But it seems strange. ok, I will remove it.

>> +
>> +/* Resource names for the GPMI NFC driver. */
>> +#define GPMI_NFC_GPMI_REGS_ADDR_RES_NAME  "GPMI NFC GPMI Registers"
>> +#define GPMI_NFC_GPMI_INTERRUPT_RES_NAME  "GPMI NFC GPMI Interrupt"
>> +#define GPMI_NFC_BCH_REGS_ADDR_RES_NAME   "GPMI NFC BCH Registers"
>> +#define GPMI_NFC_BCH_INTERRUPT_RES_NAME   "GPMI NFC BCH Interrupt"
>> +#define GPMI_NFC_DMA_CHANNELS_RES_NAME    "GPMI NFC DMA Channels"

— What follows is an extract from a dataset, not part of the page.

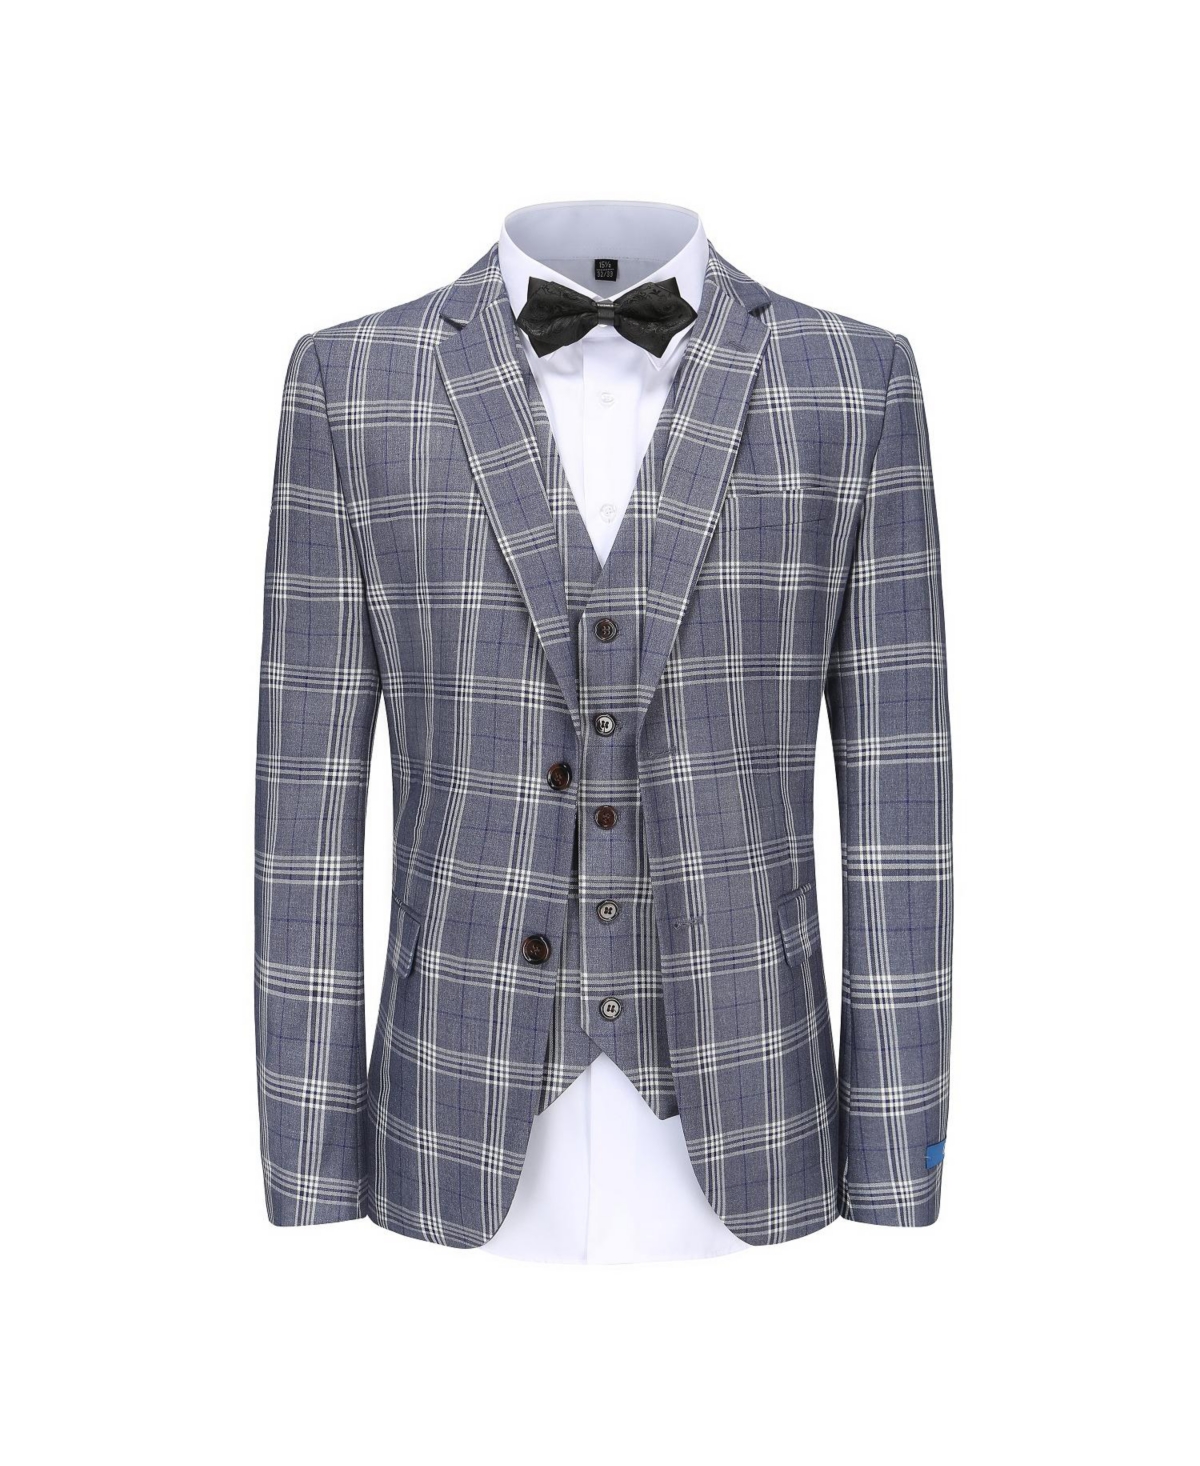 Men's 3-Piece Checkered Plaid Slim Fit Suit - Grey

>> +#define GPMI_NFC_DMA_INTERRUPT_RES_NAME   "GPMI NFC DMA Interrupt"
>> +
>> +/**
>> + * struct gpmi_nfc_platform_data - GPMI NFC driver platform data.
>> + *
>> + * This structure communicates platform-specific information to the GPMI NFC
>> + * driver that can't be expressed as resources.
>> + *
>> + * @min_prop_delay_in_ns:    Minimum propagation delay of GPMI signals to and
>> + *                           from the NAND Flash device, in nanoseconds.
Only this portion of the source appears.